Абдуль Муним глубоко вздохнул и тихо шепнул Ахмаду:

– Меня бросают в такое место только потому, что я поклоняюсь Аллаху?!

Ахмад, улыбаясь, прошептал ему на ухо:

– А в чём моя вина, если я не поклоняюсь Ему?!

Никто больше не имел желания говорить. Ахмад же задавался вопросом: что послужило причиной для ареста остальных? Кража? Драка? Пьянство и дебош? Он давно уже писал о народе, закутавшись в халат в своём красивом кабинете, и вот он – этот народ, сыпящий проклятия или храпящий во сне. Это были угрюмые жалкие лица, которые он успел заметить в свете фонарей на какой-то миг; вон тот человек почесал голову и подмышки – наверно, у него вши, которые постоянно по нему ползали.

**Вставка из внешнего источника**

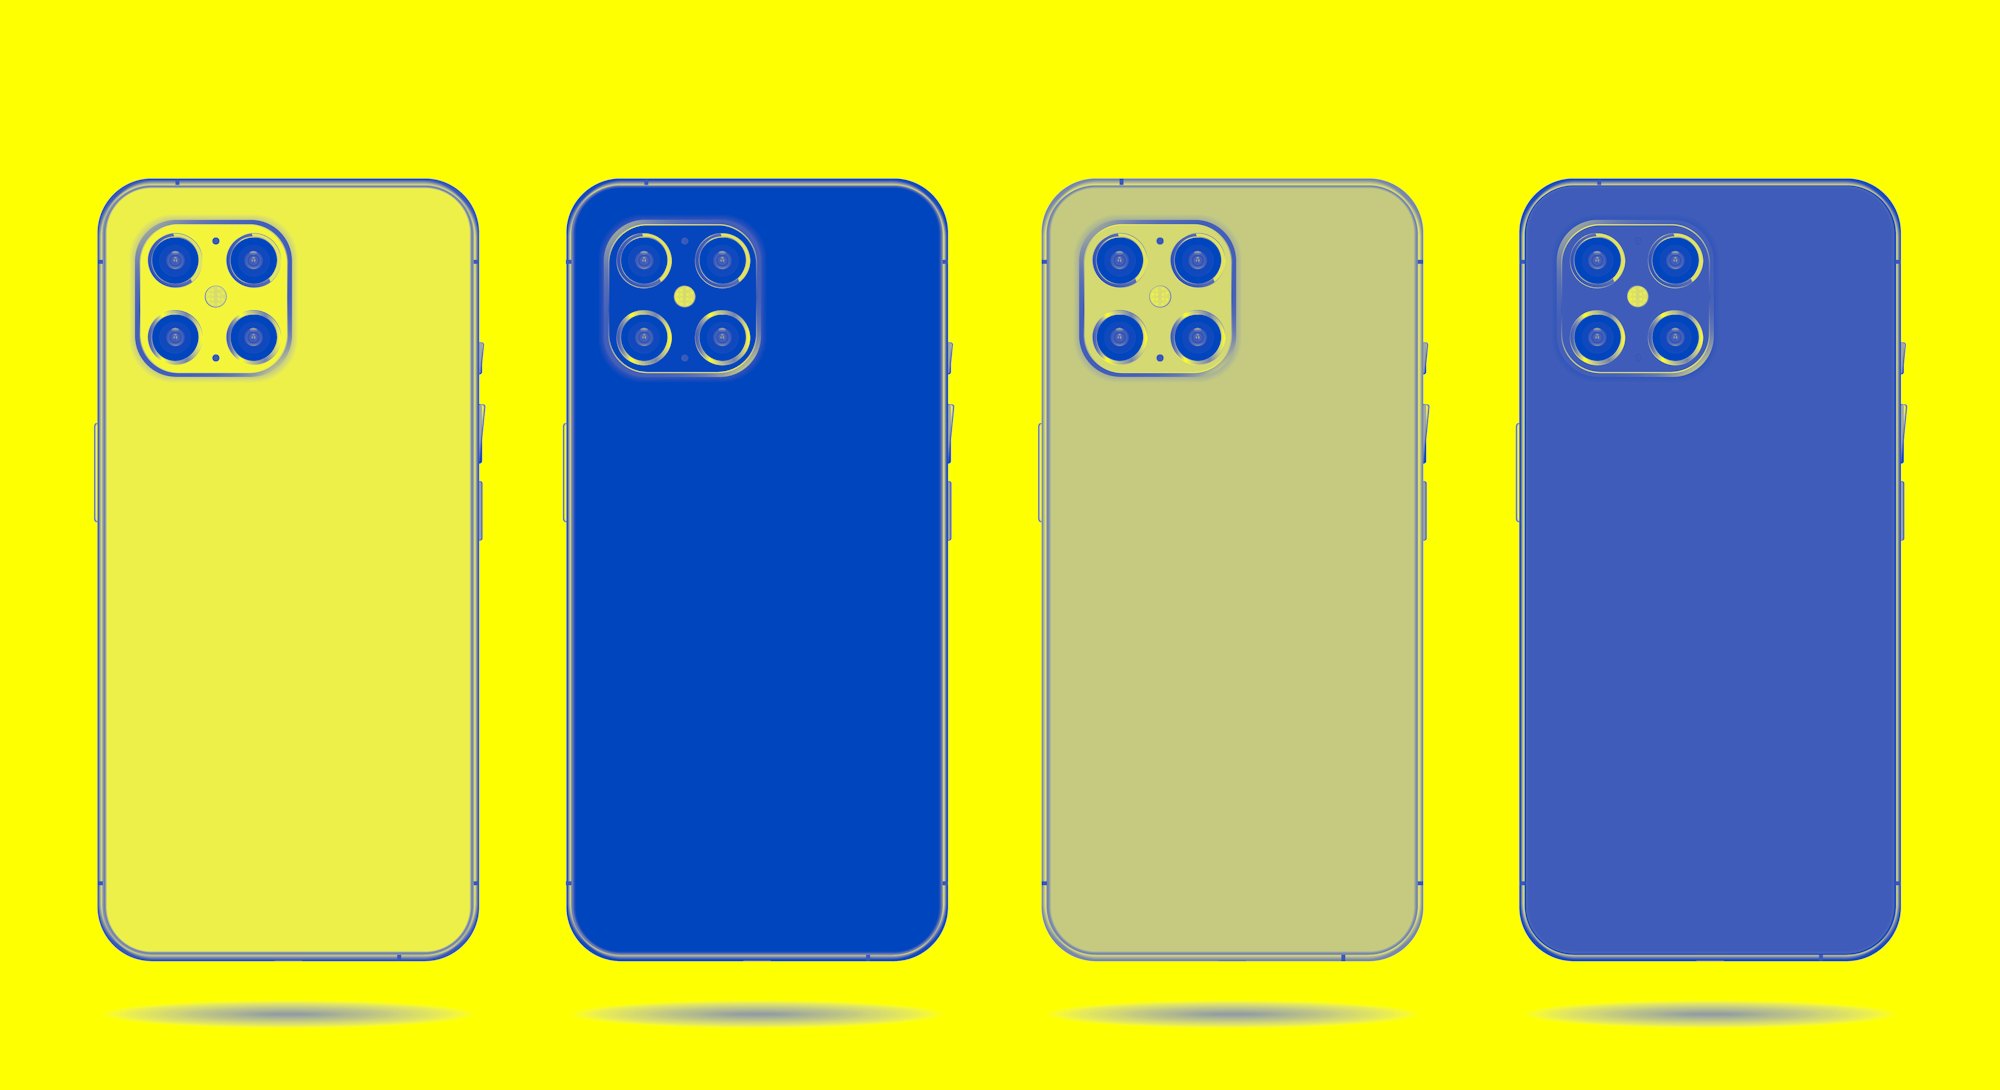 phone back set mickups isolated on white background

«Он и есть тот самый народ, ради которого ты живёшь. Тогда почему тебя так беспокоит мысль о контакте с ним?! Вон тот человек, на которого возложена миссия спасти всё человечество, должен перестать храпеть и осознать свою историческую роль – подняться ради спасения всего мира!»

Он сказал себе: «Нас объединяет то, что все мы – люди, несмотря на то, что находимся в этом тёмном сыром месте. „Брат-мусульманин“, коммунист, пьяница – все едины, все мы – как один, несмотря на то, что кому-то повезло в жизни, а кому-то – нет». Снова начав разговор сам с собой, он подумал: «Почему ты не занимаешься своими личными делами, как и сказал офицер полиции? У тебя есть любящая жена, солидный доход. Человек счастлив, когда он является мужем или отцом, сыном, служащим, но он всё же обречён на невзгоды или даже смерть, так как он всего-только человек. Неважно, приговорят ли его на этот раз к тюремному заключению или освободят, в глазах его будут стоять эти огромные и мрачные ворота тюрьмы на горизонте всей жизни. Он снова спросил себя: „Что толкает меня на этот опасный, ослепительно яркий путь?.. Не то ли человеческое существо, что скрывается глубоко во мне, сознающее свою суть и понимающее своё общечеловеческое, историческое положение. Отличие человека от всех остальных созданий – в том, что он сам может приговорить себя к смерти по собственной воле и осознанному выбору“…»

Он почувствовал, как сырость пронизывает его ноги и слабость, проникающую в мышцы. Храп соседа проникал во все углы камеры в регулярном ритме. Сквозь решётки маленького окошка Ахмад заметил слабые признаки утреннего света…

54

Врач покинул комнату, а за ним в подавленном настроении Камаль. Догнав врача в гостиной, он поглядел на него с вопросом в глазах, и тот спокойно сказал:

– Мне жаль расстраивать вас, но это полный паралич…

У Камаля сжалось сердце от его слов. Он спросил:

– Она в тяжёлом положении?

– Конечно!.. Одновременно с этим её поразило воспаление лёгких, поэтому я выписал инъекции, чтобы она отдохнула…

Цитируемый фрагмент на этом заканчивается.